Task item: Reproduce exactly the line with "Игрушка Собака. Фото" and the lines after it. Stop at the last line of the data and include nothing else.

[Stored entries]

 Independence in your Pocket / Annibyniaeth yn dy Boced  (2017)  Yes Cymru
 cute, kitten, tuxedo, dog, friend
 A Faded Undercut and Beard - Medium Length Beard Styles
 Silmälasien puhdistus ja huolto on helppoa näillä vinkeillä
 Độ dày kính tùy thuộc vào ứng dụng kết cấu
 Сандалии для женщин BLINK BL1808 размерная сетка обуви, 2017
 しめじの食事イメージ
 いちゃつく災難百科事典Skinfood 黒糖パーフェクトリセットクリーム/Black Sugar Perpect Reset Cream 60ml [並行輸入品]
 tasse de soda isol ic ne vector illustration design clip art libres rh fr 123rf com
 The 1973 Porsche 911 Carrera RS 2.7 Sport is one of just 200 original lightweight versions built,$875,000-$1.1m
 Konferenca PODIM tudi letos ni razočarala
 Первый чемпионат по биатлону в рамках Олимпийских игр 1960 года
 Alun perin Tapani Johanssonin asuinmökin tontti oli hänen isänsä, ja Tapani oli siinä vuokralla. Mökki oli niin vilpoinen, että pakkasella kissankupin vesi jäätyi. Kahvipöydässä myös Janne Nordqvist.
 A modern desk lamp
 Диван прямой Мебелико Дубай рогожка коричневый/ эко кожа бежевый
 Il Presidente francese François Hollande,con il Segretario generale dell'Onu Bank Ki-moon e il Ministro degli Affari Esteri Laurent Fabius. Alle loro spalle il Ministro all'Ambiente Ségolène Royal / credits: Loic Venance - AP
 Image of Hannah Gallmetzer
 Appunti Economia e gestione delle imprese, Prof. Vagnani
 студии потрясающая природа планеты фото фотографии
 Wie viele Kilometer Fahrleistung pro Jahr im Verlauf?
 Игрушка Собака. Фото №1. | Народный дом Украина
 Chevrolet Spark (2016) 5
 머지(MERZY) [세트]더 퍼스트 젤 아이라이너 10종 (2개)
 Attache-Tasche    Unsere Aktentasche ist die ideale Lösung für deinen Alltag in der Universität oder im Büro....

Solution to this problem:
 Игрушка Собака. Фото №1. | Народный дом Украина
 Chevrolet Spark (2016) 5
 머지(MERZY) [세트]더 퍼스트 젤 아이라이너 10종 (2개)
 Attache-Tasche    Unsere Aktentasche ist die ideale Lösung für deinen Alltag in der Universität oder im Büro....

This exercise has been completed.